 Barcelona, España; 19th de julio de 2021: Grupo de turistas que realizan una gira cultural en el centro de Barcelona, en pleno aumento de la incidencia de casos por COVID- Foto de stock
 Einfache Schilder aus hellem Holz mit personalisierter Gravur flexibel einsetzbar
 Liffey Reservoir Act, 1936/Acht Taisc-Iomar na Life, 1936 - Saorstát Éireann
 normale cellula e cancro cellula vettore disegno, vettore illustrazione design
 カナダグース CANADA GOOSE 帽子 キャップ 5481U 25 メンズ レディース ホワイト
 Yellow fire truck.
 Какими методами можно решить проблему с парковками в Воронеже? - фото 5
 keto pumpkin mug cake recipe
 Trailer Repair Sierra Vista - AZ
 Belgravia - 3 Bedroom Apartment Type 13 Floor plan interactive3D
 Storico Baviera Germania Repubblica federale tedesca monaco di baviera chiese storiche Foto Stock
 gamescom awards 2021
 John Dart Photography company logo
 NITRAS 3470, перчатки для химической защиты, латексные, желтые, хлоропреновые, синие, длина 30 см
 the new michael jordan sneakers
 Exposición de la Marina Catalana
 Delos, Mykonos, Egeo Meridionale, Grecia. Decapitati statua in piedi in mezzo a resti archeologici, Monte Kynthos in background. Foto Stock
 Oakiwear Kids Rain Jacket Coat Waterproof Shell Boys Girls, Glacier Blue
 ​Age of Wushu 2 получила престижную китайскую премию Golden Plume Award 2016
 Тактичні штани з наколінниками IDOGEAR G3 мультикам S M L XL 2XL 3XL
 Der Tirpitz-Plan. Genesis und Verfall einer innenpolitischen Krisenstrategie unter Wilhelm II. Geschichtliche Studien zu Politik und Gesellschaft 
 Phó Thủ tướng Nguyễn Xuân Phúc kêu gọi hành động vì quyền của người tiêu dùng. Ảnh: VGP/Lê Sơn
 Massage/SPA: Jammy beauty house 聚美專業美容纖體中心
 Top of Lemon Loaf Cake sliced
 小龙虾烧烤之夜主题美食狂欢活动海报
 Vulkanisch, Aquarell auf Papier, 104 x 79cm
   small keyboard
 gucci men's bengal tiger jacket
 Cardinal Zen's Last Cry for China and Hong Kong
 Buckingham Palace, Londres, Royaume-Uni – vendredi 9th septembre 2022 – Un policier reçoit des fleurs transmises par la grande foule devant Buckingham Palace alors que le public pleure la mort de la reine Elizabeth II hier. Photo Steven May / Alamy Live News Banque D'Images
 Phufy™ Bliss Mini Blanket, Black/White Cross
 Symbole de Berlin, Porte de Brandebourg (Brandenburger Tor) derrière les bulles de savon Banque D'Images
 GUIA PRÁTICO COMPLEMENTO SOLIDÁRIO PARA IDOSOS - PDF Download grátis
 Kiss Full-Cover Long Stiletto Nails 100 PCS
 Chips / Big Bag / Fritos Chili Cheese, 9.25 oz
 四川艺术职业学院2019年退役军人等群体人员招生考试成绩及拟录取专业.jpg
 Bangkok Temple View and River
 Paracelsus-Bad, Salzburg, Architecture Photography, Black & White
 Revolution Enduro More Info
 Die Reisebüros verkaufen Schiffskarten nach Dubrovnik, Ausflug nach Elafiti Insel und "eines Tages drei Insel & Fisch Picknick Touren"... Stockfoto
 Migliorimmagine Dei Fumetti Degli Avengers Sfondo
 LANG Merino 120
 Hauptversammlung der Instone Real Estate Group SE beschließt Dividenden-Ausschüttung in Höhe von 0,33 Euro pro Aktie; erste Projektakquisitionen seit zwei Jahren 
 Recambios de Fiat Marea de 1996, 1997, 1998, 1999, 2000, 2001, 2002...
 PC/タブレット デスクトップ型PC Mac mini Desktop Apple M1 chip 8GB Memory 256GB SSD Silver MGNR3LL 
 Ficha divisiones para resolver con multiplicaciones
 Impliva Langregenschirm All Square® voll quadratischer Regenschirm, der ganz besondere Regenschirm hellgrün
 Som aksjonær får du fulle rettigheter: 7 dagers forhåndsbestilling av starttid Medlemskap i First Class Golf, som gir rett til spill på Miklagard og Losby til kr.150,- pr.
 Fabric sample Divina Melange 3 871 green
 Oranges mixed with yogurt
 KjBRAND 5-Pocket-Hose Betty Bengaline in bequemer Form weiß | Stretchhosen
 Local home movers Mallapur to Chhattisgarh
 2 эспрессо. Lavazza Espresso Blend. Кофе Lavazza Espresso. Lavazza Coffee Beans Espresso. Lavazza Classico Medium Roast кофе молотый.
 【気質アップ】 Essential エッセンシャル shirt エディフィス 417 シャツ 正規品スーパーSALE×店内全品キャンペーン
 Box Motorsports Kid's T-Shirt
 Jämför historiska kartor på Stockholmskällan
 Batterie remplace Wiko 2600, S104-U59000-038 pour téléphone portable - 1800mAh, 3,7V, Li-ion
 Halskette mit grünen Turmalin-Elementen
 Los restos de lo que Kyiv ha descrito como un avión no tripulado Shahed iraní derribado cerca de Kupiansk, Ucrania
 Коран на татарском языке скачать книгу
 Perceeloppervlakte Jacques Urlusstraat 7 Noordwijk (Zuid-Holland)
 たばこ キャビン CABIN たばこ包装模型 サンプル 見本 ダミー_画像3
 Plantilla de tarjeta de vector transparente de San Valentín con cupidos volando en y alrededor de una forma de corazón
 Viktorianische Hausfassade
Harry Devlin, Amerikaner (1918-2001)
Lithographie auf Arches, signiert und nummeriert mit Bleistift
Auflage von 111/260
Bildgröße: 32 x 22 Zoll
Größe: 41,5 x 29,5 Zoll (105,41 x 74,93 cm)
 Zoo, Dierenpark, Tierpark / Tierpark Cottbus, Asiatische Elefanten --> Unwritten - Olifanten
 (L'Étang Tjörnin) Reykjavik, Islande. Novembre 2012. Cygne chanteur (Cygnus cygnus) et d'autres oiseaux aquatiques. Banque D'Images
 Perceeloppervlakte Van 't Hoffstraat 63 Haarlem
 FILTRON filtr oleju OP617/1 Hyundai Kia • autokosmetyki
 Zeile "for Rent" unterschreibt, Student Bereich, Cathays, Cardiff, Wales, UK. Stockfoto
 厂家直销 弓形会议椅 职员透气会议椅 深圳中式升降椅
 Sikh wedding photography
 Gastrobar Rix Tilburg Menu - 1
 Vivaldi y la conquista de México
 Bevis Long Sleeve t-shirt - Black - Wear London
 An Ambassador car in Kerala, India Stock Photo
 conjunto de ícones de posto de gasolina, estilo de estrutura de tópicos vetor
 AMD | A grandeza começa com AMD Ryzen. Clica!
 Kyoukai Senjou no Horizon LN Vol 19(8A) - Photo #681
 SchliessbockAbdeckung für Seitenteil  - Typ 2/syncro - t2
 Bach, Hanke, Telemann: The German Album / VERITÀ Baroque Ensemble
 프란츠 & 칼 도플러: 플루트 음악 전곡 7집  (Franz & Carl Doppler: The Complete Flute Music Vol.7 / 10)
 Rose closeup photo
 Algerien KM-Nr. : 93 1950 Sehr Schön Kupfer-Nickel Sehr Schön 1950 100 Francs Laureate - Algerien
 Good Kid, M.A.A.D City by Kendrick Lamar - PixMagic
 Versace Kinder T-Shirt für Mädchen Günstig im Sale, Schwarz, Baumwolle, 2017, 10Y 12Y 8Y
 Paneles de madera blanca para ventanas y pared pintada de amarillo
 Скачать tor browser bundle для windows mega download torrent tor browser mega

=======

Could you please repeat the data exactly as given?

> [Reply to the exercise]
 Barcelona, España; 19th de julio de 2021: Grupo de turistas que realizan una gira cultural en el centro de Barcelona, en pleno aumento de la incidencia de casos por COVID- Foto de stock
 Einfache Schilder aus hellem Holz mit personalisierter Gravur flexibel einsetzbar
 Liffey Reservoir Act, 1936/Acht Taisc-Iomar na Life, 1936 - Saorstát Éireann
 normale cellula e cancro cellula vettore disegno, vettore illustrazione design
 カナダグース CANADA GOOSE 帽子 キャップ 5481U 25 メンズ レディース ホワイト
 Yellow fire truck.
 Какими методами можно решить проблему с парковками в Воронеже? - фото 5
 keto pumpkin mug cake recipe
 Trailer Repair Sierra Vista - AZ
 Belgravia - 3 Bedroom Apartment Type 13 Floor plan interactive3D
 Storico Baviera Germania Repubblica federale tedesca monaco di baviera chiese storiche Foto Stock
 gamescom awards 2021
 John Dart Photography company logo
 NITRAS 3470, перчатки для химической защиты, латексные, желтые, хлоропреновые, синие, длина 30 см
 the new michael jordan sneakers
 Exposición de la Marina Catalana
 Delos, Mykonos, Egeo Meridionale, Grecia. Decapitati statua in piedi in mezzo a resti archeologici, Monte Kynthos in background. Foto Stock
 Oakiwear Kids Rain Jacket Coat Waterproof Shell Boys Girls, Glacier Blue
 ​Age of Wushu 2 получила престижную китайскую премию Golden Plume Award 2016
 Тактичні штани з наколінниками IDOGEAR G3 мультикам S M L XL 2XL 3XL
 Der Tirpitz-Plan. Genesis und Verfall einer innenpolitischen Krisenstrategie unter Wilhelm II. Geschichtliche Studien zu Politik und Gesellschaft 
 Phó Thủ tướng Nguyễn Xuân Phúc kêu gọi hành động vì quyền của người tiêu dùng. Ảnh: VGP/Lê Sơn
 Massage/SPA: Jammy beauty house 聚美專業美容纖體中心
 Top of Lemon Loaf Cake sliced
 小龙虾烧烤之夜主题美食狂欢活动海报
 Vulkanisch, Aquarell auf Papier, 104 x 79cm
   small keyboard
 gucci men's bengal tiger jacket
 Cardinal Zen's Last Cry for China and Hong Kong
 Buckingham Palace, Londres, Royaume-Uni – vendredi 9th septembre 2022 – Un policier reçoit des fleurs transmises par la grande foule devant Buckingham Palace alors que le public pleure la mort de la reine Elizabeth II hier. Photo Steven May / Alamy Live News Banque D'Images
 Phufy™ Bliss Mini Blanket, Black/White Cross
 Symbole de Berlin, Porte de Brandebourg (Brandenburger Tor) derrière les bulles de savon Banque D'Images
 GUIA PRÁTICO COMPLEMENTO SOLIDÁRIO PARA IDOSOS - PDF Download grátis
 Kiss Full-Cover Long Stiletto Nails 100 PCS
 Chips / Big Bag / Fritos Chili Cheese, 9.25 oz
 四川艺术职业学院2019年退役军人等群体人员招生考试成绩及拟录取专业.jpg
 Bangkok Temple View and River
 Paracelsus-Bad, Salzburg, Architecture Photography, Black & White
 Revolution Enduro More Info
 Die Reisebüros verkaufen Schiffskarten nach Dubrovnik, Ausflug nach Elafiti Insel und "eines Tages drei Insel & Fisch Picknick Touren"... Stockfoto
 Migliorimmagine Dei Fumetti Degli Avengers Sfondo
 LANG Merino 120
 Hauptversammlung der Instone Real Estate Group SE beschließt Dividenden-Ausschüttung in Höhe von 0,33 Euro pro Aktie; erste Projektakquisitionen seit zwei Jahren 
 Recambios de Fiat Marea de 1996, 1997, 1998, 1999, 2000, 2001, 2002...
 PC/タブレット デスクトップ型PC Mac mini Desktop Apple M1 chip 8GB Memory 256GB SSD Silver MGNR3LL 
 Ficha divisiones para resolver con multiplicaciones
 Impliva Langregenschirm All Square® voll quadratischer Regenschirm, der ganz besondere Regenschirm hellgrün
 Som aksjonær får du fulle rettigheter: 7 dagers forhåndsbestilling av starttid Medlemskap i First Class Golf, som gir rett til spill på Miklagard og Losby til kr.150,- pr.
 Fabric sample Divina Melange 3 871 green
 Oranges mixed with yogurt
 KjBRAND 5-Pocket-Hose Betty Bengaline in bequemer Form weiß | Stretchhosen
 Local home movers Mallapur to Chhattisgarh
 2 эспрессо. Lavazza Espresso Blend. Кофе Lavazza Espresso. Lavazza Coffee Beans Espresso. Lavazza Classico Medium Roast кофе молотый.
 【気質アップ】 Essential エッセンシャル shirt エディフィス 417 シャツ 正規品スーパーSALE×店内全品キャンペーン
 Box Motorsports Kid's T-Shirt
 Jämför historiska kartor på Stockholmskällan
 Batterie remplace Wiko 2600, S104-U59000-038 pour téléphone portable - 1800mAh, 3,7V, Li-ion
 Halskette mit grünen Turmalin-Elementen
 Los restos de lo que Kyiv ha descrito como un avión no tripulado Shahed iraní derribado cerca de Kupiansk, Ucrania
 Коран на татарском языке скачать книгу
 Perceeloppervlakte Jacques Urlusstraat 7 Noordwijk (Zuid-Holland)
 たばこ キャビン CABIN たばこ包装模型 サンプル 見本 ダミー_画像3
 Plantilla de tarjeta de vector transparente de San Valentín con cupidos volando en y alrededor de una forma de corazón
 Viktorianische Hausfassade
Harry Devlin, Amerikaner (1918-2001)
Lithographie auf Arches, signiert und nummeriert mit Bleistift
Auflage von 111/260
Bildgröße: 32 x 22 Zoll
Größe: 41,5 x 29,5 Zoll (105,41 x 74,93 cm)
 Zoo, Dierenpark, Tierpark / Tierpark Cottbus, Asiatische Elefanten --> Unwritten - Olifanten
 (L'Étang Tjörnin) Reykjavik, Islande. Novembre 2012. Cygne chanteur (Cygnus cygnus) et d'autres oiseaux aquatiques. Banque D'Images
 Perceeloppervlakte Van 't Hoffstraat 63 Haarlem
 FILTRON filtr oleju OP617/1 Hyundai Kia • autokosmetyki
 Zeile "for Rent" unterschreibt, Student Bereich, Cathays, Cardiff, Wales, UK. Stockfoto
 厂家直销 弓形会议椅 职员透气会议椅 深圳中式升降椅
 Sikh wedding photography
 Gastrobar Rix Tilburg Menu - 1
 Vivaldi y la conquista de México
 Bevis Long Sleeve t-shirt - Black - Wear London
 An Ambassador car in Kerala, India Stock Photo
 conjunto de ícones de posto de gasolina, estilo de estrutura de tópicos vetor
 AMD | A grandeza começa com AMD Ryzen. Clica!
 Kyoukai Senjou no Horizon LN Vol 19(8A) - Photo #681
 SchliessbockAbdeckung für Seitenteil  - Typ 2/syncro - t2
 Bach, Hanke, Telemann: The German Album / VERITÀ Baroque Ensemble
 프란츠 & 칼 도플러: 플루트 음악 전곡 7집  (Franz & Carl Doppler: The Complete Flute Music Vol.7 / 10)
 Rose closeup photo
 Algerien KM-Nr. : 93 1950 Sehr Schön Kupfer-Nickel Sehr Schön 1950 100 Francs Laureate - Algerien
 Good Kid, M.A.A.D City by Kendrick Lamar - PixMagic
 Versace Kinder T-Shirt für Mädchen Günstig im Sale, Schwarz, Baumwolle, 2017, 10Y 12Y 8Y
 Paneles de madera blanca para ventanas y pared pintada de amarillo
 Скачать tor browser bundle для windows mega download torrent tor browser mega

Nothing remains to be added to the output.